Гоша вздрогнул. По его лицу скользнула улыбка, с того бы и начинал.
– На паря, глянется[137]? – промолвил змей-искуситель.
Второго приглашения не потребовалось. Выпив, говорили все четверо. Разом. Как водится в таких случаях, стали припоминать забавные случаи с участием некоторых участников пиршества.
А чудаки были Значитца и Поршень еще те. Однажды, после «удачной» гулянки приплелся Поршень домой, лыка не вяжет. Потоптался, жрать хочется, а супружница спит. В кути темнотища, хоть глаз коли. Пошарился Поршень на кутнем столе – ничего, повел синюшней картошиной носа – ух как вкусно пахнет, щти на плите устоялись. А там не «щти», а чугунок с ополосками, да тряпка, какой супружница посуда мыла. Ну пьяному-то известно, море по колено. Взял чугунок, водицу выпил, а тряпку съел, да еще и похохатывает, лён попался, замуж пора[138].
Наутро его Матрена хватилась, чугунок пустой. Ну думает укипела водица. Глянь туда, а помывочного струмента нет.
Тут и благоверный ее нарисовался, сивушным перегаром разя. Спичку ко рту поднеси, полыхнет, аки Змей Горыныч после дня ангела у Бабы Яги.
– Поршень, – супружница его тоже так величала, – ты чево там вчерась у кути гремел, как кот?
– Жрать искал.
Тут дошло до Матрены.
– Так это ты водицу из чугунка выпил?
– Ну я.
– А тряпка где, съел что ли?
– Тьфу ты, а я думал мясо с сухожильями попалось, – ответил Поршень, зычно икнув. Похмелиться бы.
Второй кум, Значитца, тоже не лыком шит. Поставила хозяйка брагу нa самогонку, а он надыбал. Брагу выпил, а осадoк курям в пригон выбросил, чтобы улики, так сказать, уничтожить. Курицы-то поклевали, не понравилось, бросили, а петух, мужик ведь, нажрался на дармовщинку, да и упал под забор хмельной. Хозяйка вернулась, видит петух сдох. Недолго думая, ощипала с него перо, все прибыток, да бросила куриного мужика на навозную кучу. Утром проснулся петух, глядь, а перья-то стибрили. Взобрался на крышу, и давай кукарекать. Держи вора! Вся деревня животы надорвала, глядя на голого короля.
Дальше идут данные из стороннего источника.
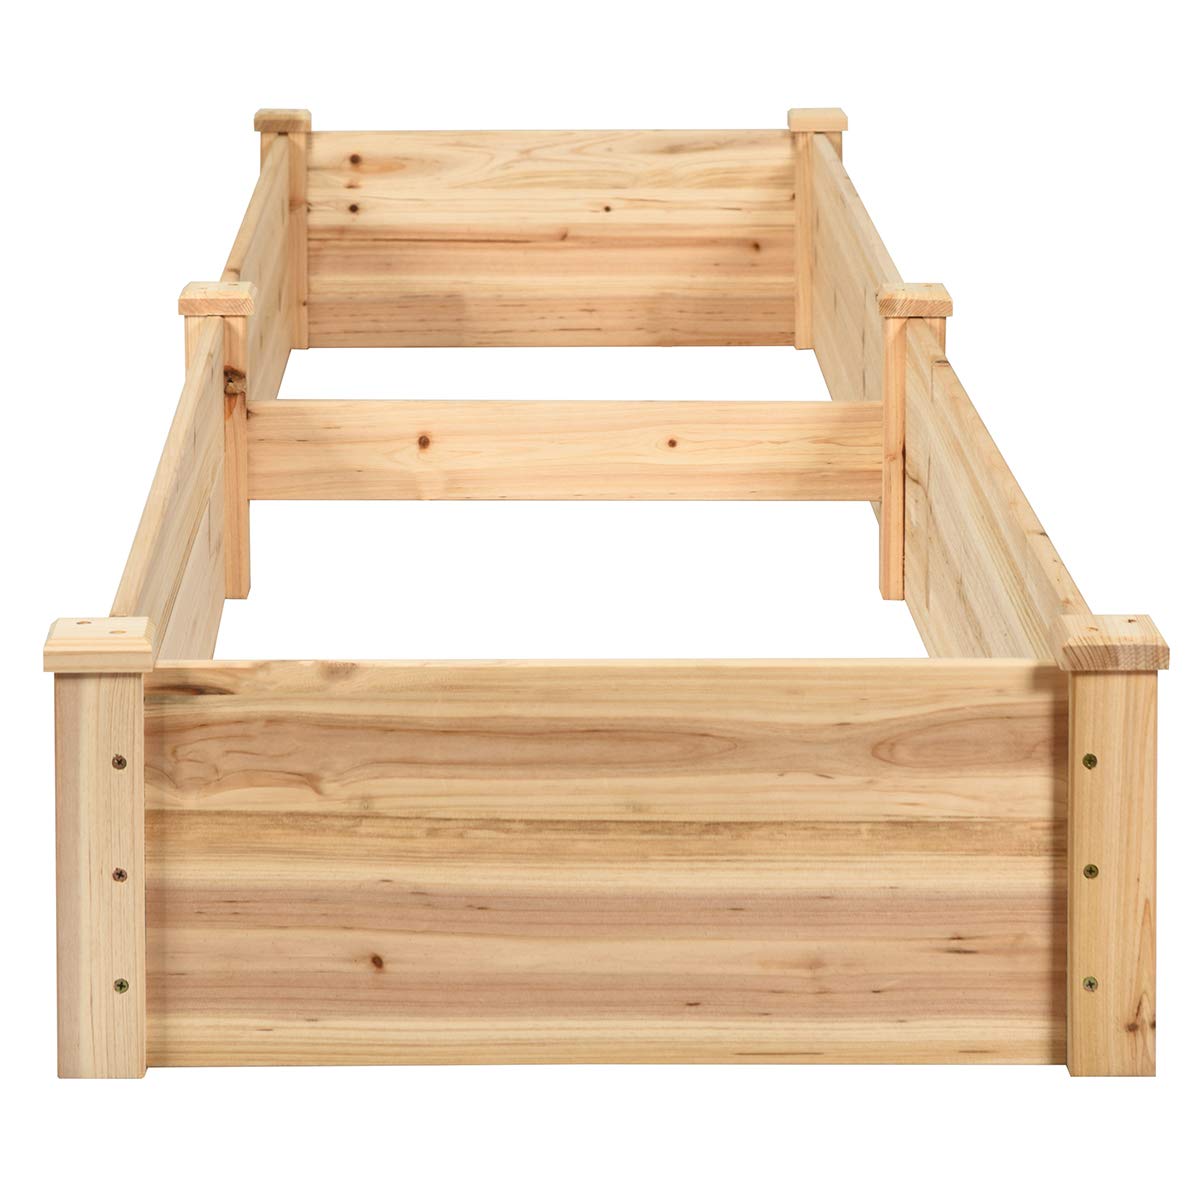 Raised Garden Bed Wood Planter Box, ( 97" x 25" x 10" )

Посмеялись мужики, вспоминая проделки кумовьев, и незаметно тема разговора перешла на серьезную тему.
Два года уже шла война, и не было ей ни конца и ни края. Осенью двоим из них, Сергею и Георгию, провожать сынов в армию. А с фронта приходили в станицу неутешительные известия. Не до смеха тут.
Грудь в крестах или голова в кустах, наставляли отцы и деды по устоявшейся привычке молодых казаков, вспоминая свою удалую молодость, когда ощетинившиеся пиками и клинками кавалерийские лавы сносили вешним половодьем преграды на их пути. Ушли в небытие те времена, когда одно слово «Казаки!» приводило врага в трепет. Изрыгающие огонь железные чудовища – танки, несущие с неба смерть драконы-аэропланы, ознаменовали закат казачьих соединений. Уже в русско-японскую войну стала в первый раз заметна уменьшающаяся роль казаков в современной войне машин. Казаки оказались задвинутыми на задворки.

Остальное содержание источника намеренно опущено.